Published in final edited form as:
PMCID: PMC3606653

An unbalanced translocation involving loss of 10q26.2 and gain of 11q25 in a pedigree with autism spectrum disorder and cerebellar juvenile pilocytic astrocytoma


We report on a pedigree with a pair of brothers each with minor anomalies, developmental delay and autistic-symptoms who share an unbalanced translocation (not detectable by karyotype). The unbalanced translocation involves a 7.1 Mb loss of the terminal portion of 10q, and a 4.2Mb gain of 11q. One of the brothers also developed a cerebellar juvenile pilocytic astrocytoma. The father was found to be a balanced carrier and the couple had a previous miscarriage. We demonstrate that the breakpoint for the triplicated region from chromosome 11 is adjacent to two IgLON genes, namely Neurotrimin (NTM) and Opioid Binding/Cell Adhesion Molecule-like (OPCML). These genes are highly similar neural cell adhesion molecules that have been implicated in synaptogenesis and oncogenesis respectively. The children also have a 10q deletion and are compared to other children with the 10q deletion syndrome which generally does not involve autism spectrum disorders or cancer. Together these data support a role for NTM and OPCML in developmental delay and potentially in cancer susceptibility.

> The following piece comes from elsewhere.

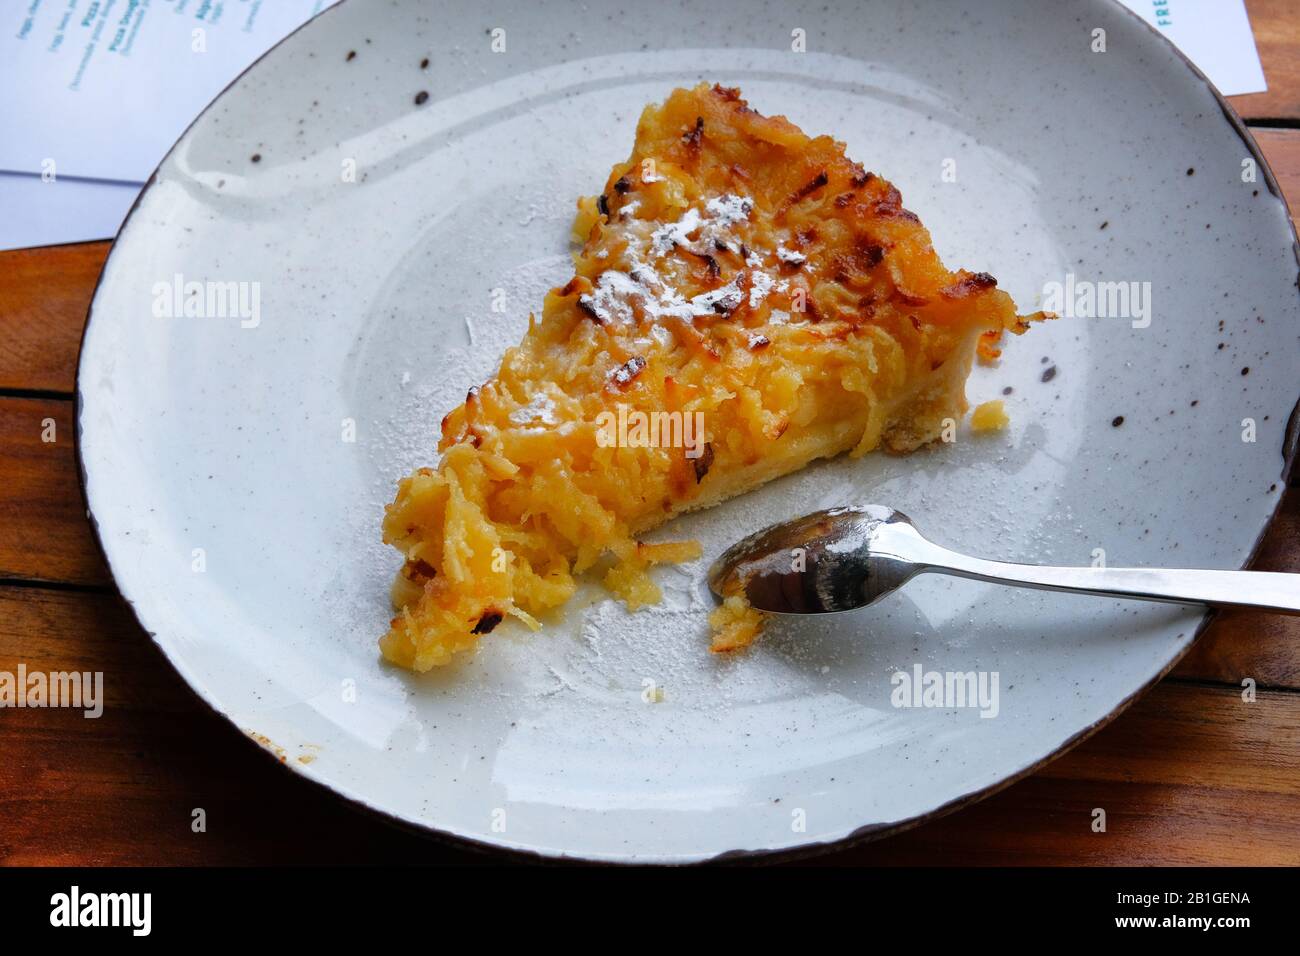 Slice of delicious baked apple open pie on porcelain plate, closeup. Stock Photo

Keywords: autism spectrum disorder, cerebellar juvenile pilocytic astrocytoma, unbalanced translocation, t(10;11), NTM, OPCML


Autism spectrum disorders (ASDs) are a heterogeneous group of neurodevelopmental conditions characterized by abnormalities in social interactions and communication, as well as restricted interests and repetitive behavior. The development of ASD is etiologically complex; however genetic factors have been shown to play a major role. The genetic anomalies implicated in ASDs are exceedingly heterogeneous; amongst these different kinds of genetic anomalies, genomic structural imbalances are prominent [Abrahams and Geschwind, 2008; Folstein and Rosen-Sheidley, 2001].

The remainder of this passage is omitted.